In 2009, Blain designed, developed, and launched Girlfriend Social, a female friendship website, stating, "Although there are many social networks online, most are designed to deal with business networking, dating, or connecting with people you already know, but there are very few sites that connect new friends." Blain came up with the idea following a move to a new city and starting a new job with mostly male co-workers. The site is designed to allow women around the world to make new friends, does not charge users and has over 500,000 members making it the largest female friendship-only social site in the world.

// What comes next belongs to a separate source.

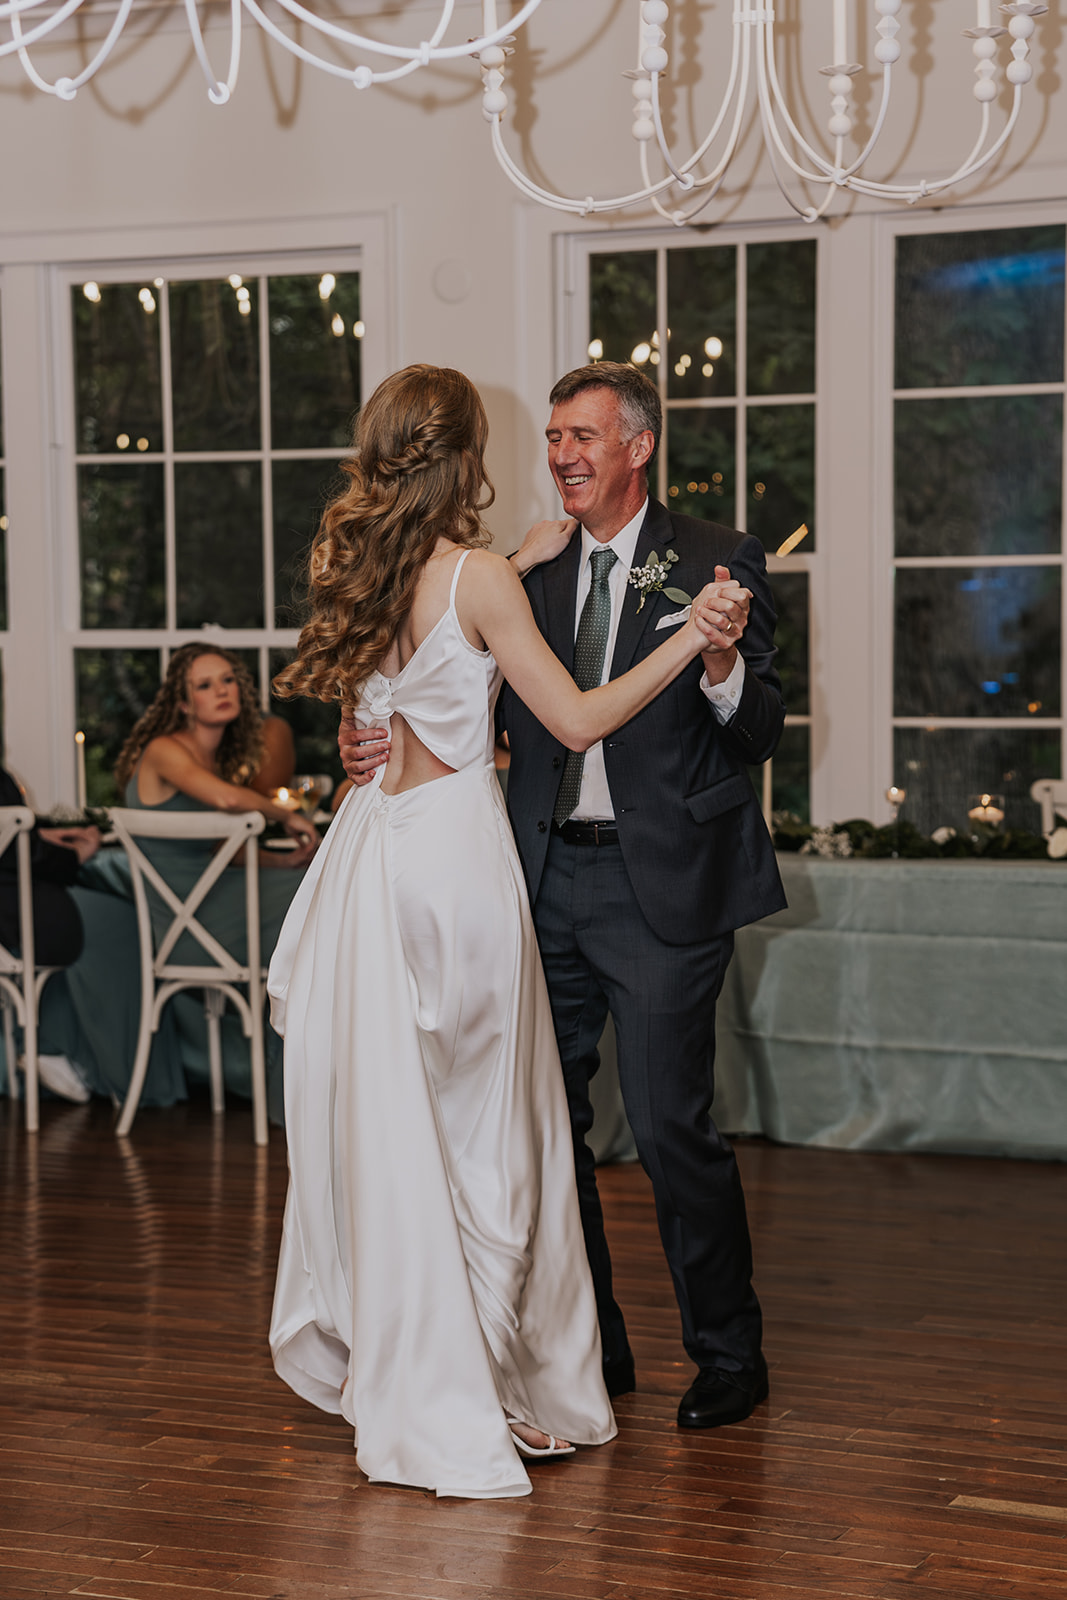 Bride and her father share a dance together

Girlfriend Social was voted "Favorite Website for Meeting New Friends" by About.com readers in their Readers' Choice Awards in 2012.

=== Google plus ===
Blain joined Google Plus on its first day of the official beta, June 29, 2011, and was placed on Google's Suggested User List under the technology category on December 15, 2011. Blain was known for speaking about and promoting the platform, calling it "a true Social Media platform." A frequent user of the hangouts feature on the Google Plus platform, Blain was voted by the community as "Number 1 Hangout User". Blain states that she has met thousands of people in real life after meeting virtually in Google hangouts first. She spoke publicly about the closing of Google Plus on April 1, 2019, saying it was "Amazing. Life changing experience"

=== Journalist ===
Blain started a personal blog and multiple technology-focused websites in 2012. She covers topics like pop culture, video games, social media, and virtual reality on these sites and others.